When most people think of IBM’s famed cognitive computing system Watson, they’ll likely recall the time that it competed on the game show Jeopardy and took first place over its two human competitors. But, Watson’s sweet spot is something far more practical than trivia questions — it’s healthcare.

IBM has been targeting healthcare with its cognitive computing system, Watson, for years. The system has been used to help with lung cancer treatment at Memorial Sloan-Kettering Cancer Center and has been used in the Cleveland Clinic. Then, in April, 2015, IBM launched a health unit specifically for Watson.

On August 6, 2015, IBM broadened its healthcare capabilities for Watson by announcing a planned $1 billion acquisition of medical imaging company Merge Healthcare. Previously, IBM acquired Phytel and Explorys for the health unit as well.

Merge Healthcare was founded in 1987 and was publicly traded as MRGE on the NASDAQ when it was acquired. The company’s platform is used in medical specialities such as radiology, cardiology, orthopedics, and others.

“By bringing Merge into Watson Health, medical professionals will have the opportunity to tap Watson for help analyzing X-rays, MRIs, angiograms, electro-cardiograms and other images to spot anomalies and provide evidence to support how they determine treatment decisions.” an IBM spokesperson said.

Dr.

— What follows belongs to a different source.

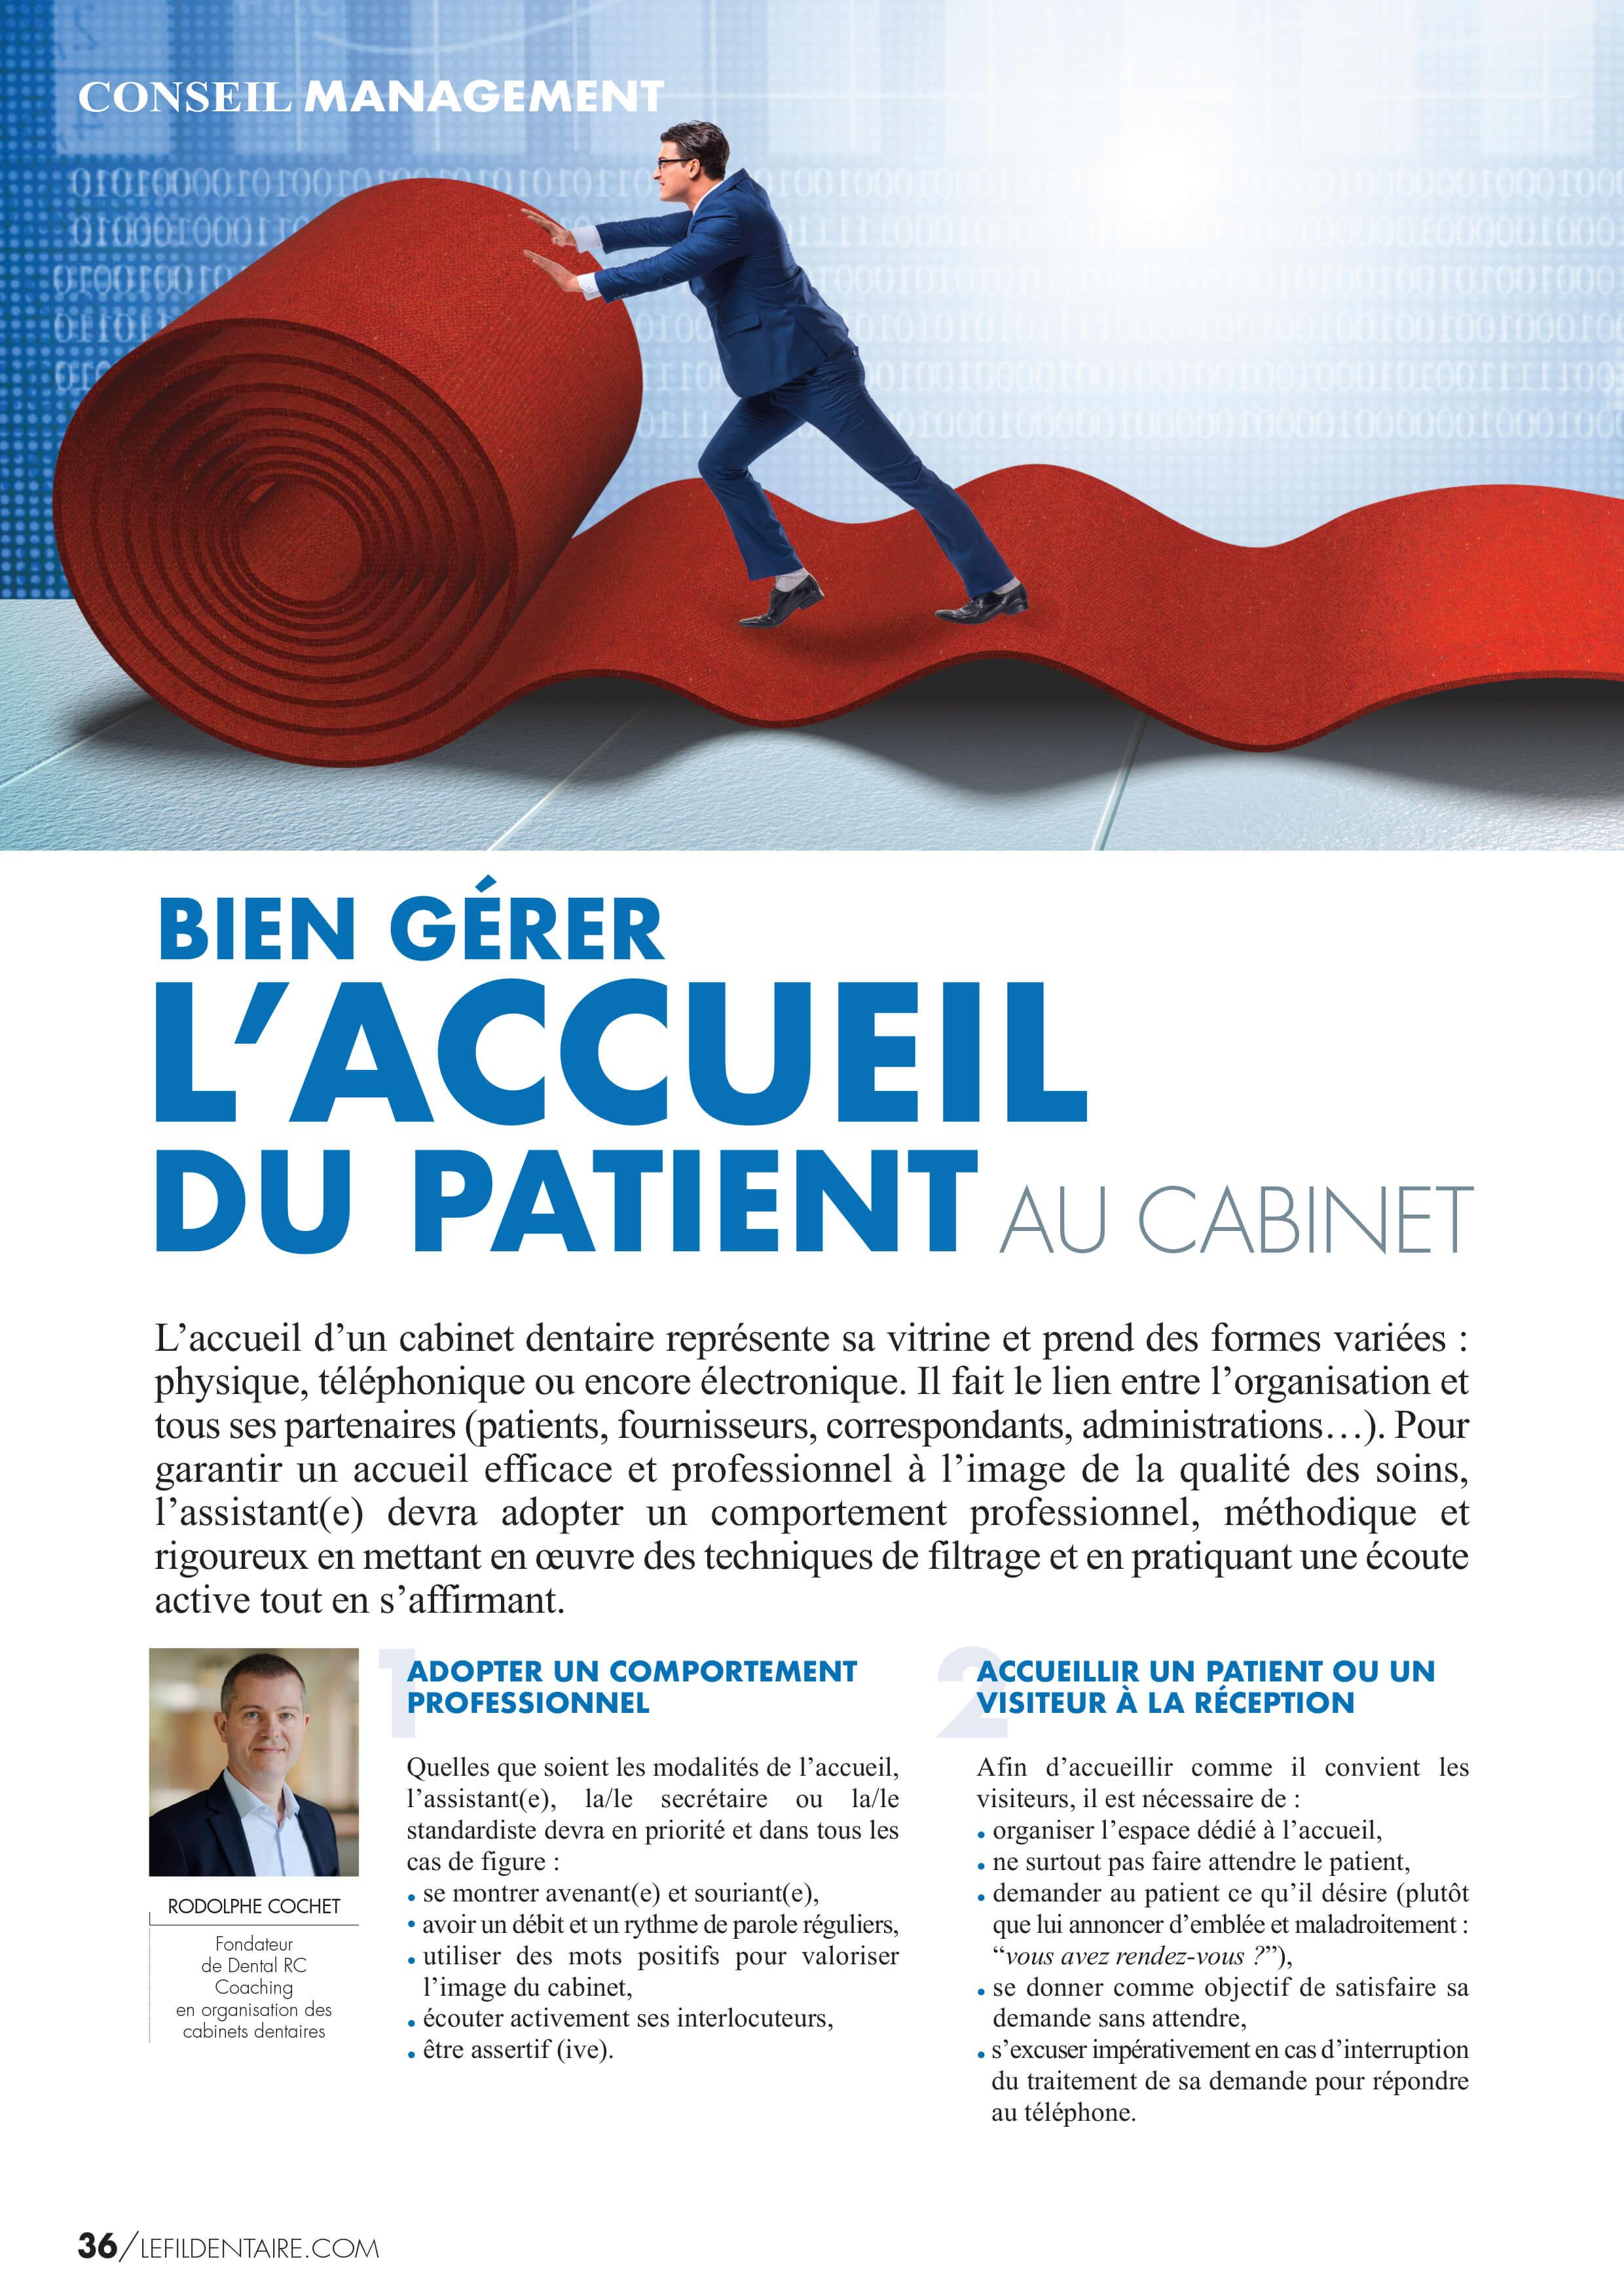 Bien-gérer-l'accueil-du-patient-au-cabinet-dentaire-Rodolphe-Cochet.jpg

Orest Boyko, director of advanced imaging research at Huntington Medical Research Institutes, said that the combination of Merge’s extensive client network and body of images with Watson’s technological abilities “will allow for revolutionary innovations in patient centric clinical decisions.”

An IBM spokesperson said that the Watson system will apply image analytics to medical images taken by Merge.

Gartner research vice president Tom Austin said that IBM has been doing image processing and analysis through Watson for years and they recently added more capabilities through their acquisition of AlchemyAPI.

“This provides a foundation for DNN based (deep neural network) image analysis, feature detection, novel pattern identification and so on,” Austin said.

The added imaging tools and features that come with the Merge acquisition could be a boost in the future of Watson in the enterprise, as it would better enable other entities to build healthcare applications on top of the Watson platform, Austin said.

As has been highlighted by other writers, healthcare applications seem to be critical to the commercial success of IBM. Watson. However, an IBM spokesperson called healthcare a “moonshot,” even within the context of Watson Health.

But, it can sometimes be difficult to predict how a specific deal, such as this one, will really play out in practice.

Eric J. Topol, director of the Scripps Translational Science Institute, said that one of the ways that the Watson system could make use of,= and improve the medical imaging technology of Merge is by integrating medical scan findings with the remaining patient information. He calls this the “Google medical map,” and said it could help improve diagnostics by leveraging the artificial intelligence (AI) and contextual computing of Watson.

Furthermore, when the experience of radiologists is combined with Ai and deep learning, it could improve the accuracy of scan interpretations at the onset, Topol said.

It makes sense for IBM to target the healthcare market with Watson. Not only did the global healthcare market surpass $3 trillion back in 2012, it is a good fit for their existing technology to make and impact.

Dr. Kenneth Weiss, a professor at University of Miami Miller School of Medicine, said that the volume of imaging data is continually growing and it will continue to require more advanced analytics to make it truly useful.

Weiss also said that he foresees the growth of imaging to set the stage for the advancement of other medical technologies and a stronger commitment to the field by major tech companies such as Google.

“Most importantly,” Weiss said, “patient care will improve and cost savings will finally start to be realized.